How do I add a new extractor?

Implement the BaseExtractor interface with an extract() method and register it. The router will include it in per-page quality comparisons automatically. See the docs for the full extractor development guide.

Can I use it with LangChain or LlamaIndex?

Built-in. Install pdfmux[langchain] or pdfmux[llamaindex] and use the native loader classes. They return standard Document objects with confidence metadata attached. pdfmux is the only loader with per-page quality scoring — filter low-confidence chunks before embedding to keep garbage out of your vector store.

What's the best free alternative to LlamaParse?

pdfmux.

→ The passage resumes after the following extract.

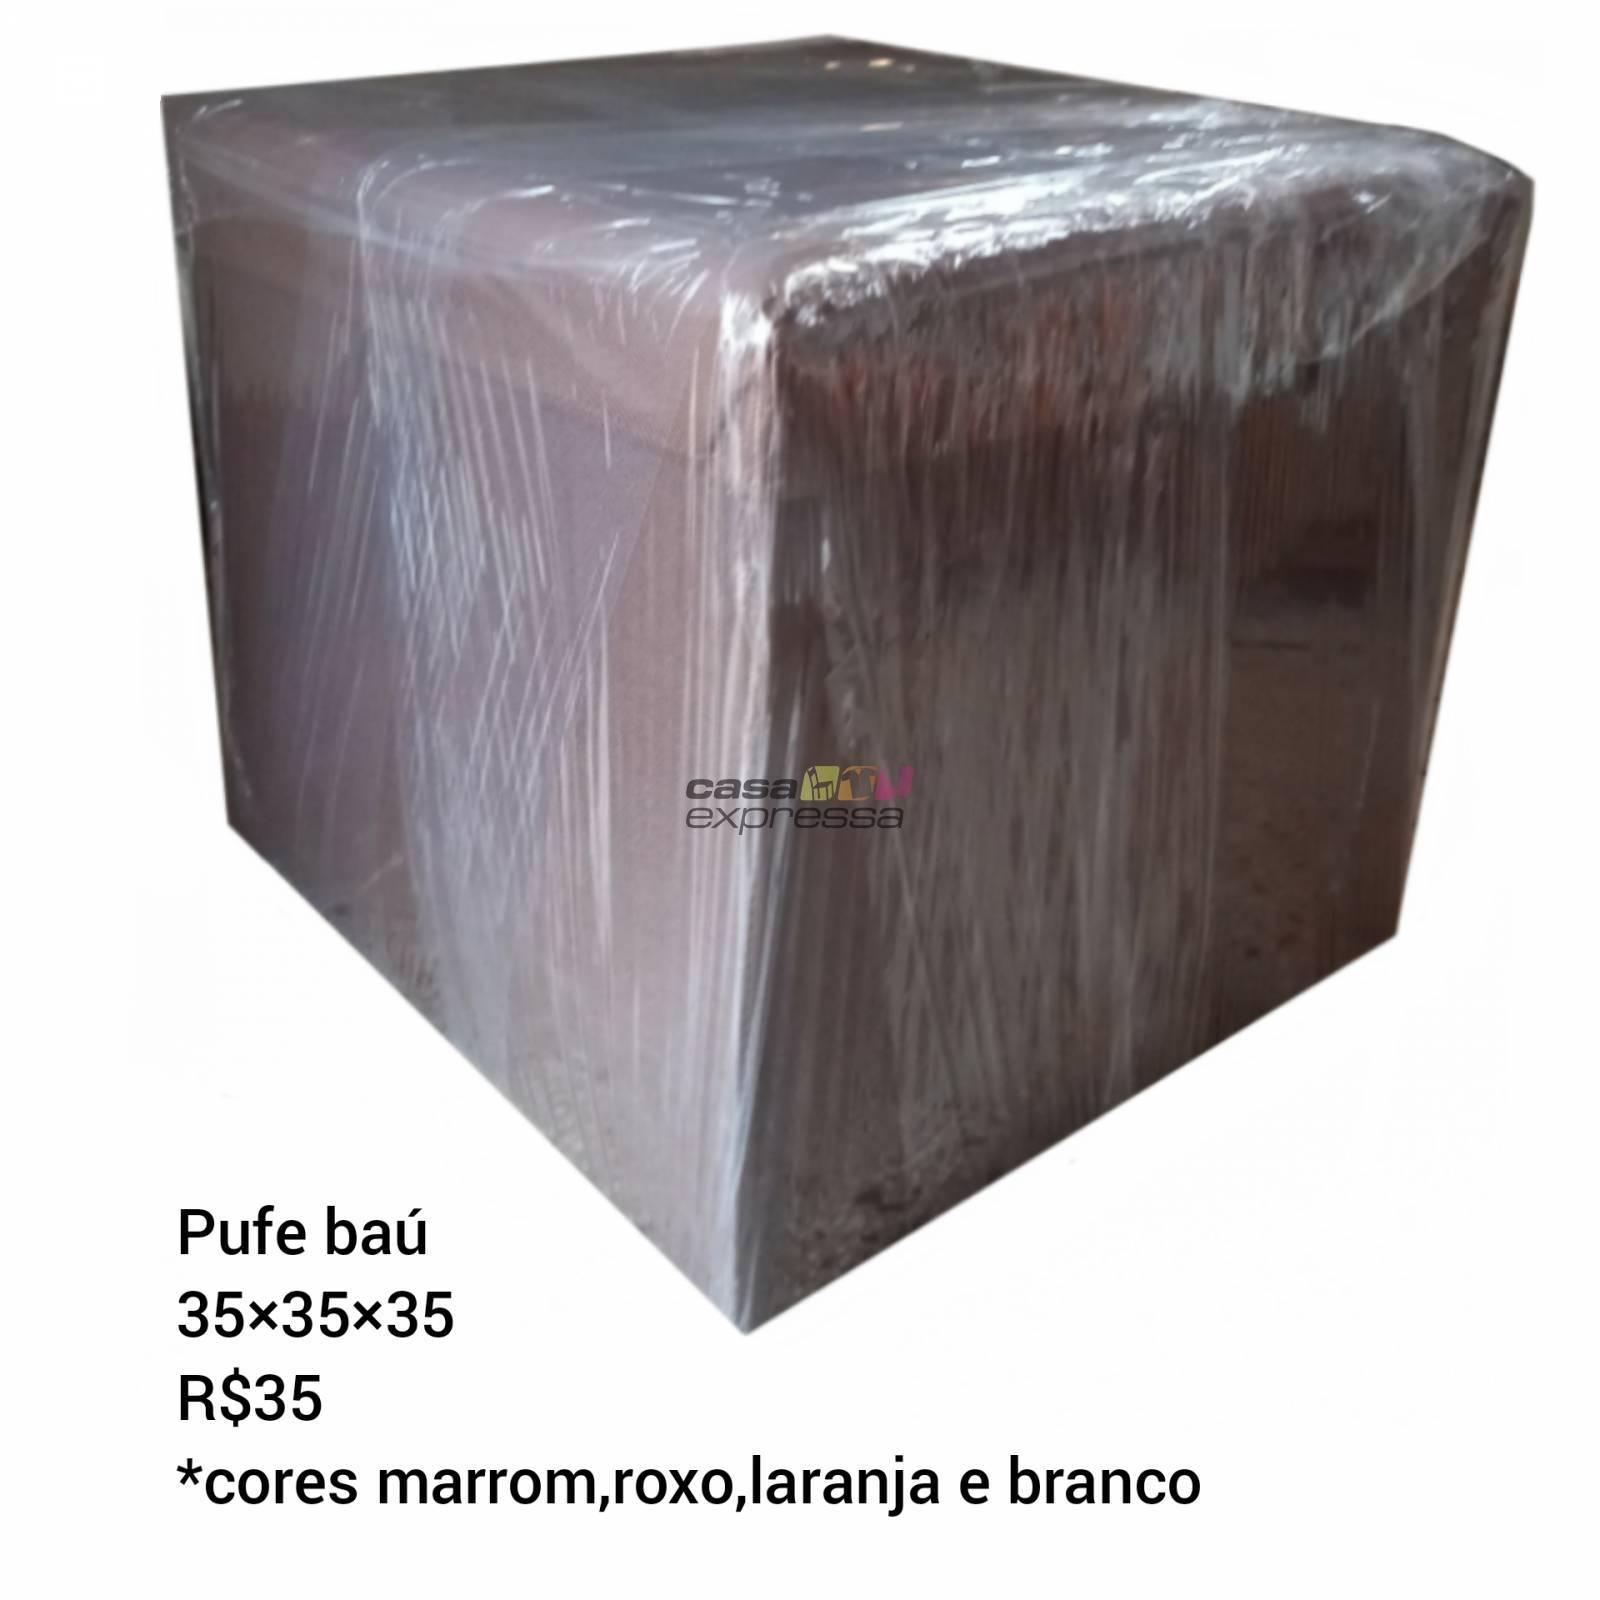 Pufe bau pink, preto ou marron - CASA EXPRESSA

LlamaParse costs $3 per 1,000 pages and sends documents to a paid cloud API. pdfmux is MIT-licensed and runs locally on CPU, and it certifies any extractor's output for silent drops (pdfmux verify). BYOK LLM fallback (Claude, GPT-4o, Gemini, Ollama) is optional — you only pay for the pages that actually need LLM help.

Does pdfmux have an MCP server for Claude Desktop and Cursor?

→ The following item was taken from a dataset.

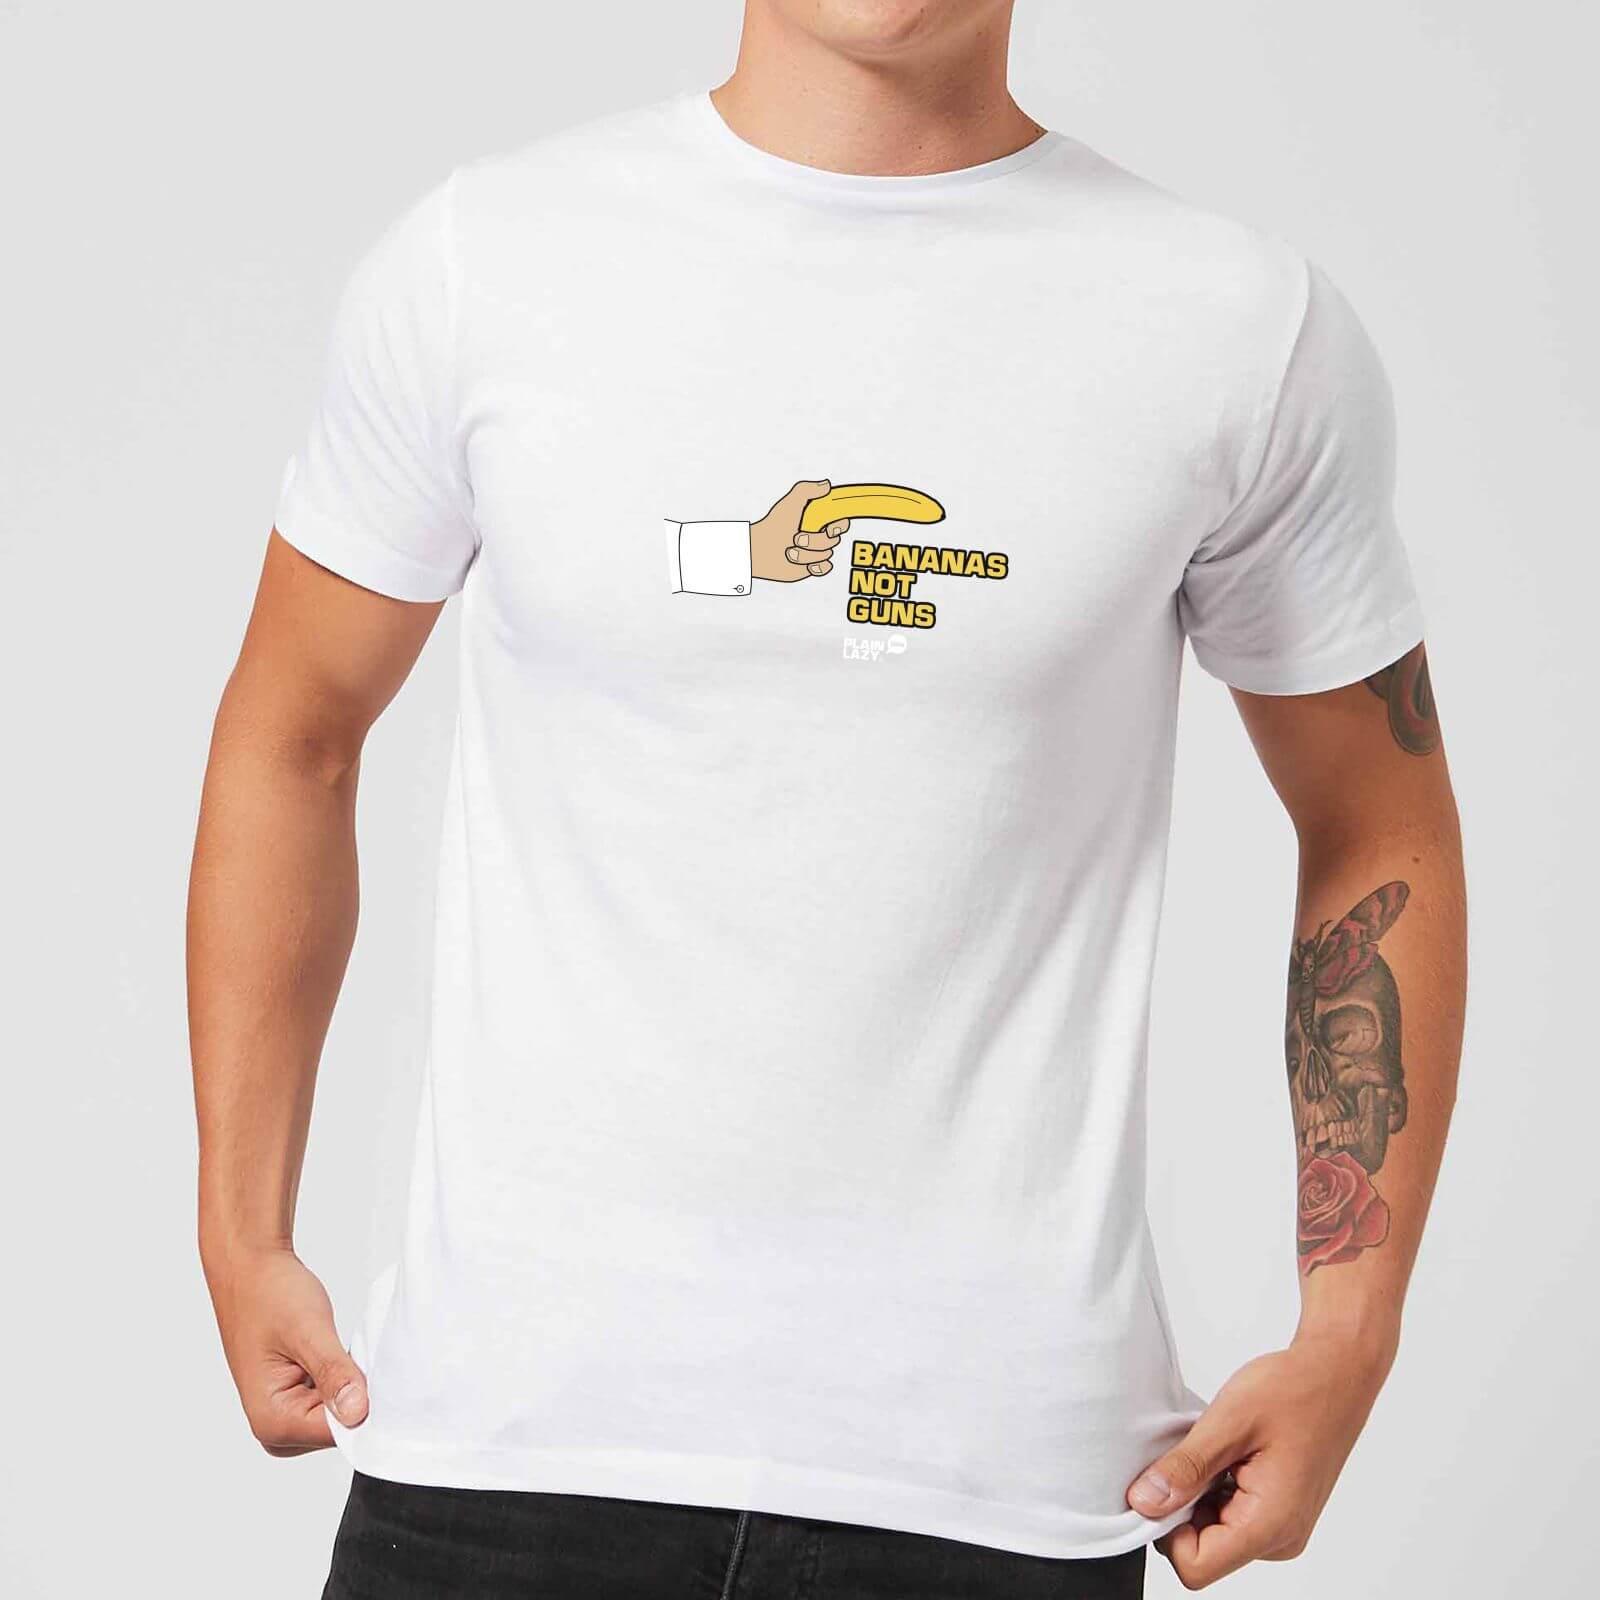 Plain Lazy Bananas Not Guns Men's T-Shirt - White - XS - White

Yes, built in. After pip install pdfmux, add pdfmux to your claude_desktop_config.json or Cursor MCP config. It exposes tools for PDF-to-markdown extraction, table extraction, and per-page quality audits — so Claude or Cursor can read any PDF reliably with zero additional setup.

Why does my RAG pipeline hallucinate on PDF documents?

Most RAG hallucinations on PDFs start at extraction, not retrieval. Standard extractors silently fail on scanned pages, two-column layouts, tables, and mojibake. Your chunks look fine but contain broken text. pdfmux scores every page (0–1 confidence), detects failures, and automatically re-extracts bad pages with a stronger backend — so your embeddings are built on clean text, not silent garbage.

How does pdfmux detect bad pages in PDF extraction?

4-signal per-page confidence scoring: (1) text density vs page area, (2) character distribution (catches mojibake), (3) structural coherence (catches broken column order), and (4) OCR-comparison probe when under threshold. Pages below the quality bar get re-extracted with a different backend (OpenDataLoader, Docling, OCR, or an LLM) until quality is recovered.

Can pdfmux extract tables from scanned PDFs?

Yes. pdfmux routes scanned pages through RapidOCR and IBM Docling's table-structure model (97.9% TEDS accuracy on complex tables). Install with pip install "pdfmux[ocr,tables]". For handwritten tables or very poor scans, use --mode premium with an LLM provider to recover tables rule-based backends can't.